I am trying to do a test of how large my unit cell has to be in the direction normal to the surface for the surfaces not to "see" each other when the periodic calculations are performed. In my calculations I also have a molecule some distance from the surface, so what I actually want to avoid is that the molecule sees the surface from the periodic image.

I got some (to me) curious results, which make me doubt my procedure.
I varied the normal direction vector (vector_c) between 20 and 38 A. When it is 20 A, there is only 2.35 A between the molecule and the periodic image, but when I am comparing the total energy of the system for different sizes of the unit cell, I get basically the same for all sizes of unit cell. I had expected a difference!
Is it possible that 2.35 A distance to the periodic image is far enough that they do not "see" each other?

The following is the output of the attached script. The last point did not converge in the standard 99 iterations, which is why the energy is different from the trend.

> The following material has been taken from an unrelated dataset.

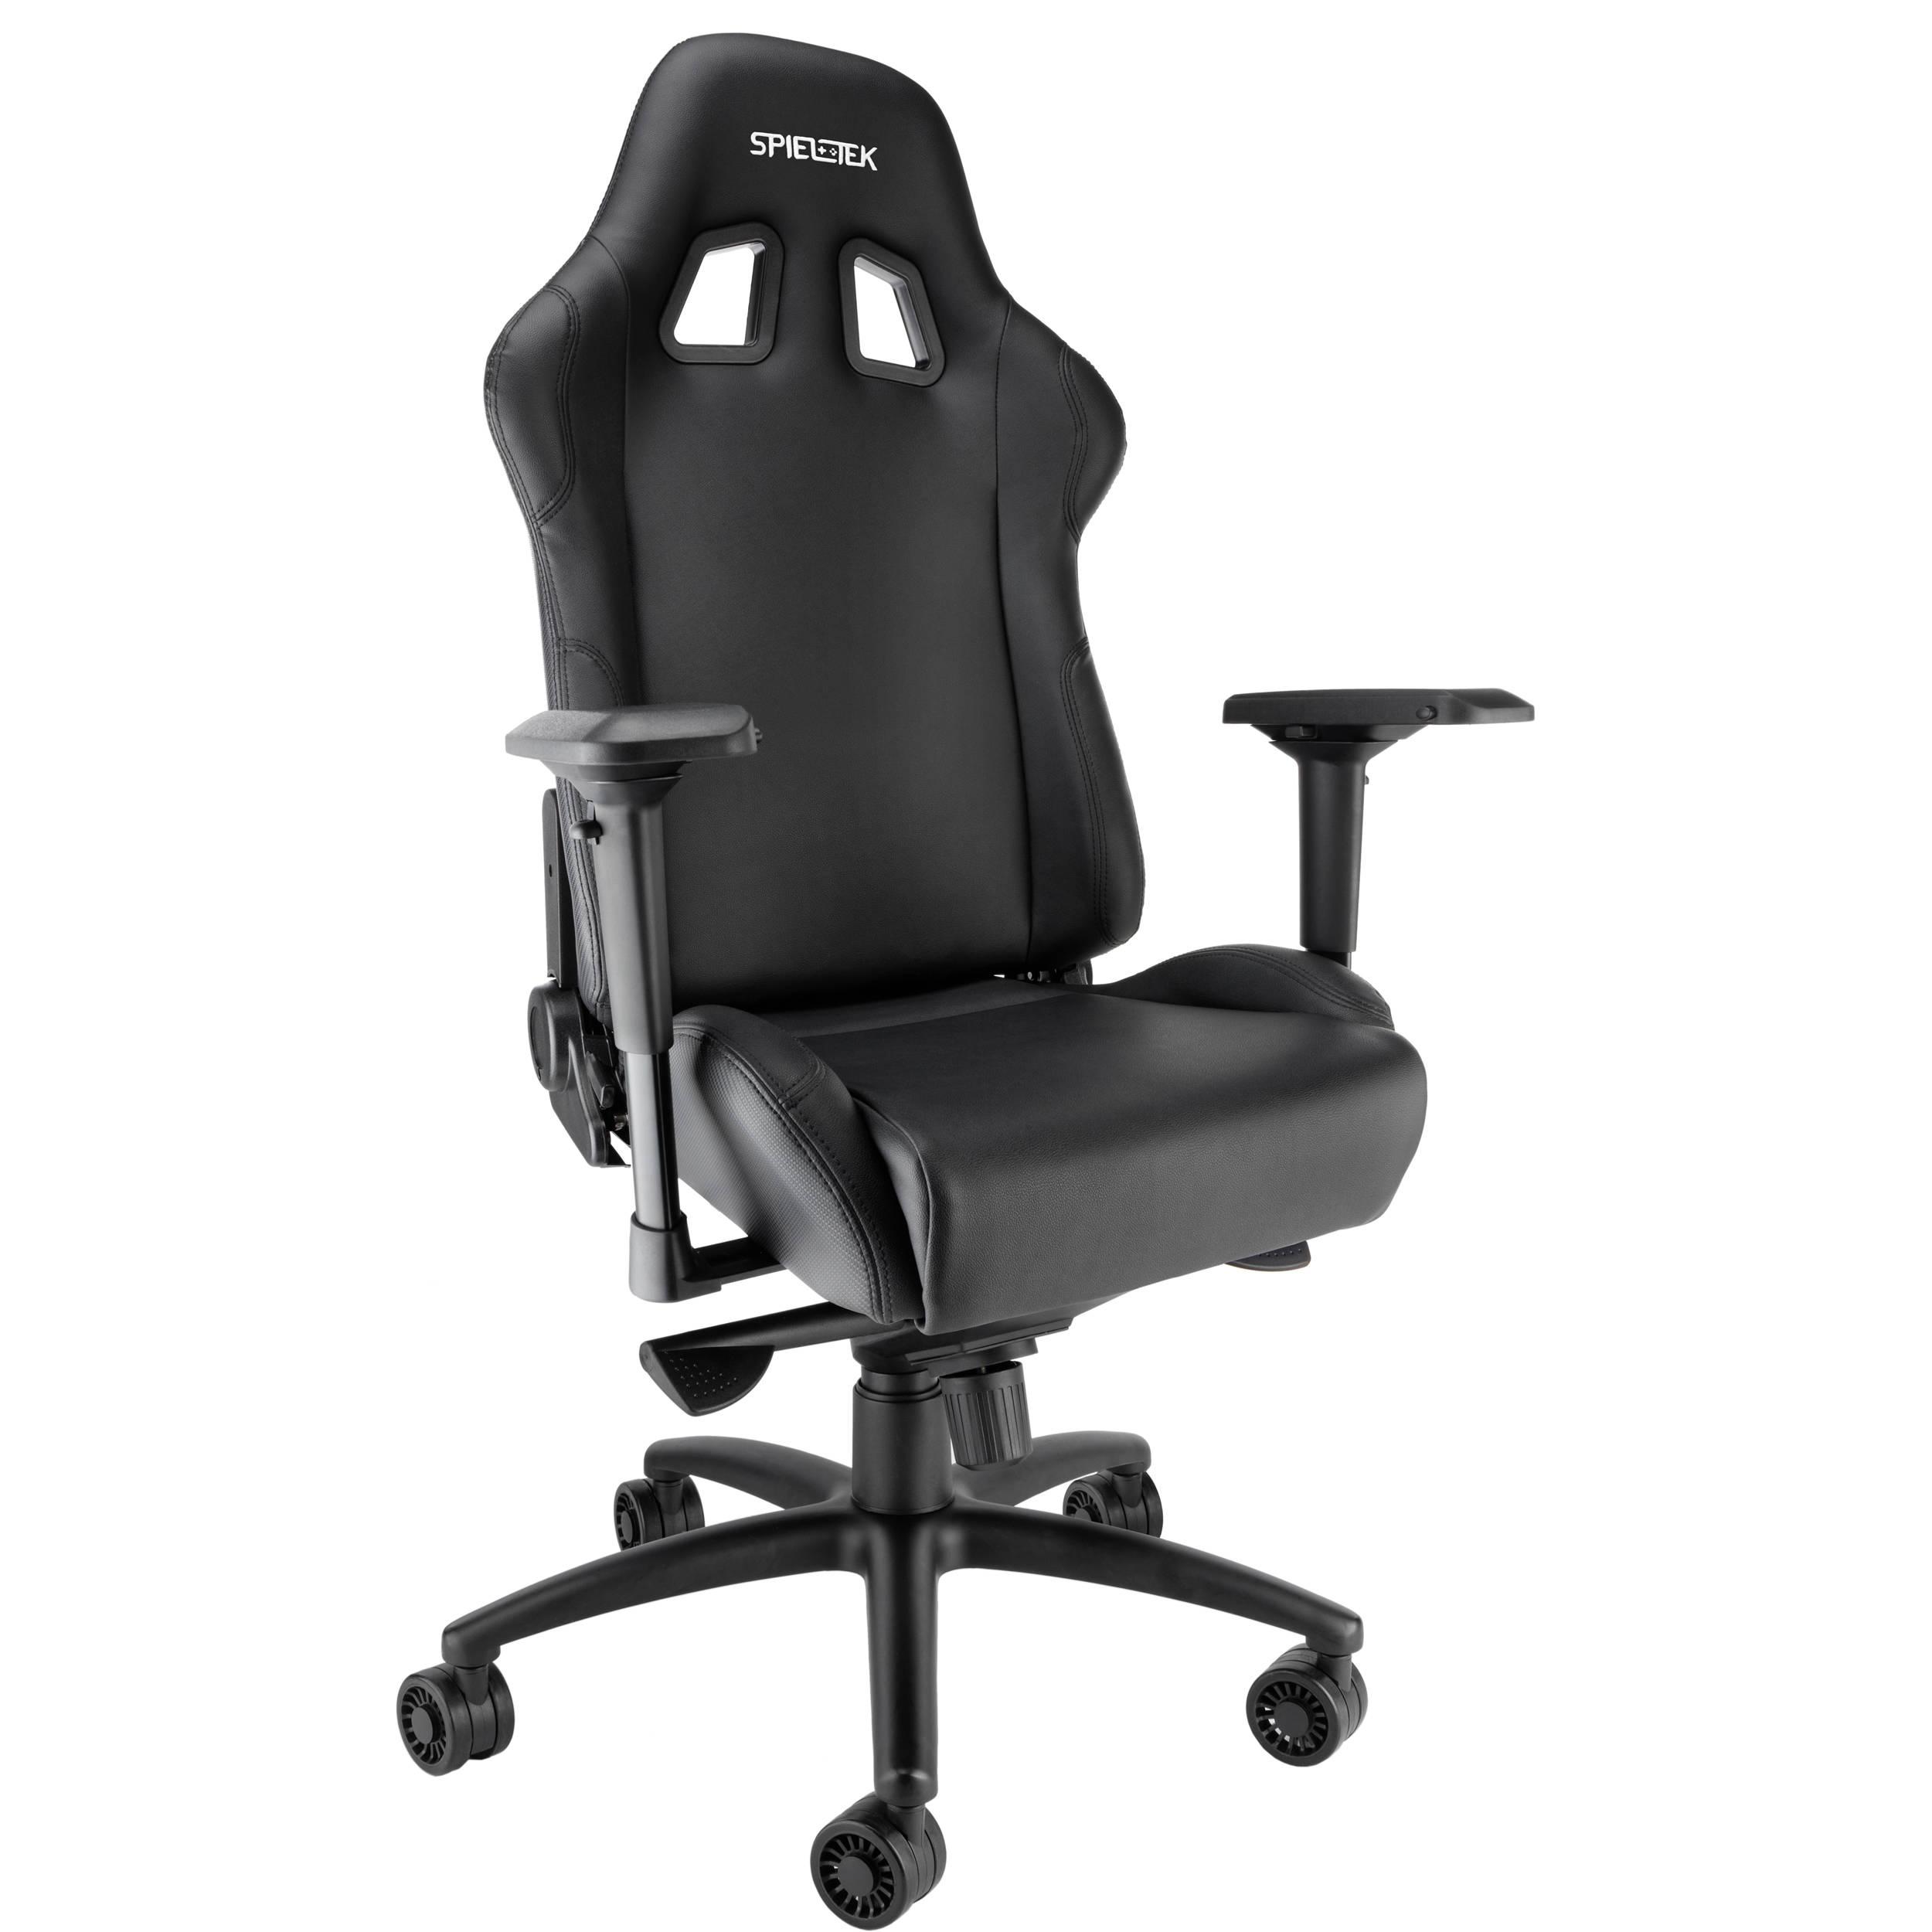 Terrific Spieltek Bandit Xl Gaming Chair Black Frankydiablos Diy Chair Ideas Frankydiabloscom
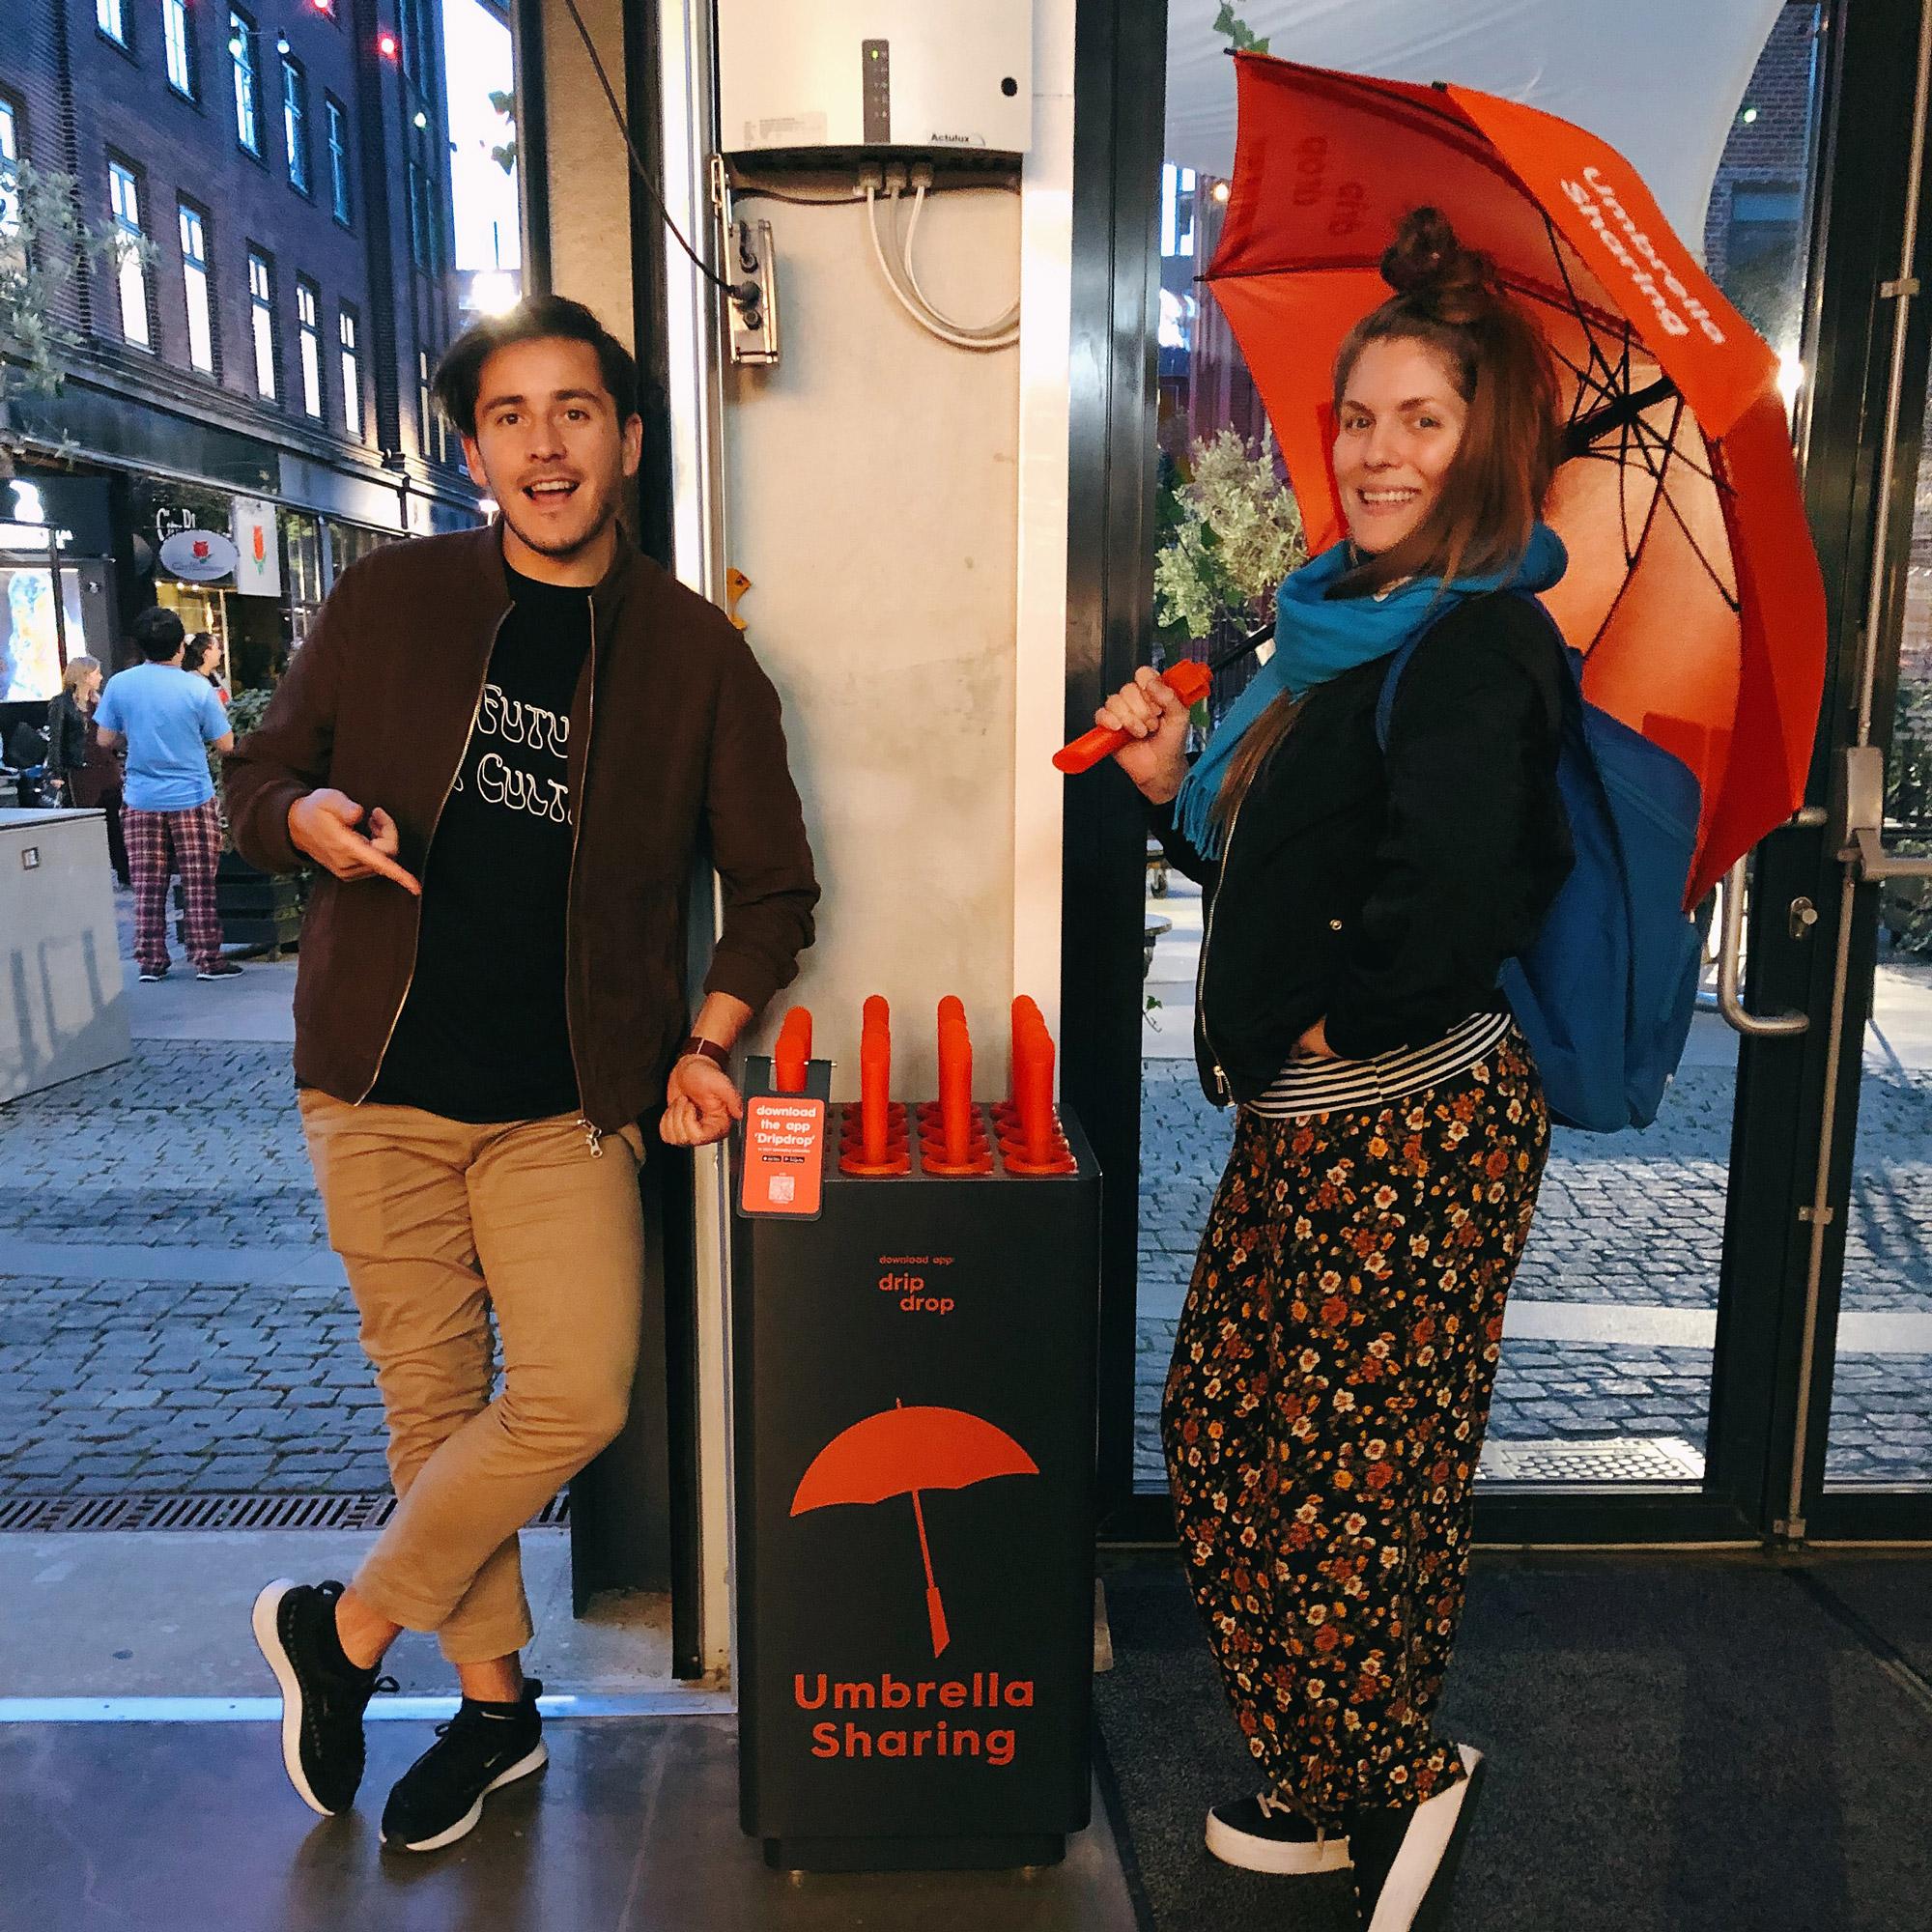 Dripdrop Umbrella Sharing - Aarhus location

20 vector_c, energy = -26623.0088858
22 vector_c, energy = -26622.5073079
24 vector_c, energy = -26622.5012136
26 vector_c, energy = -26622.5004979
28 vector_c, energy = -26622.5001226
30 vector_c, energy = -26622.499761
32 vector_c, energy = -26622.4996665
34 vector_c, energy = -26622.4994036
36 vector_c, energy = -26622.499307
38 vector_c, energy = -26618.9210823

Did I misunderstand something about this type of convergence test or about how the calculation is actually performed?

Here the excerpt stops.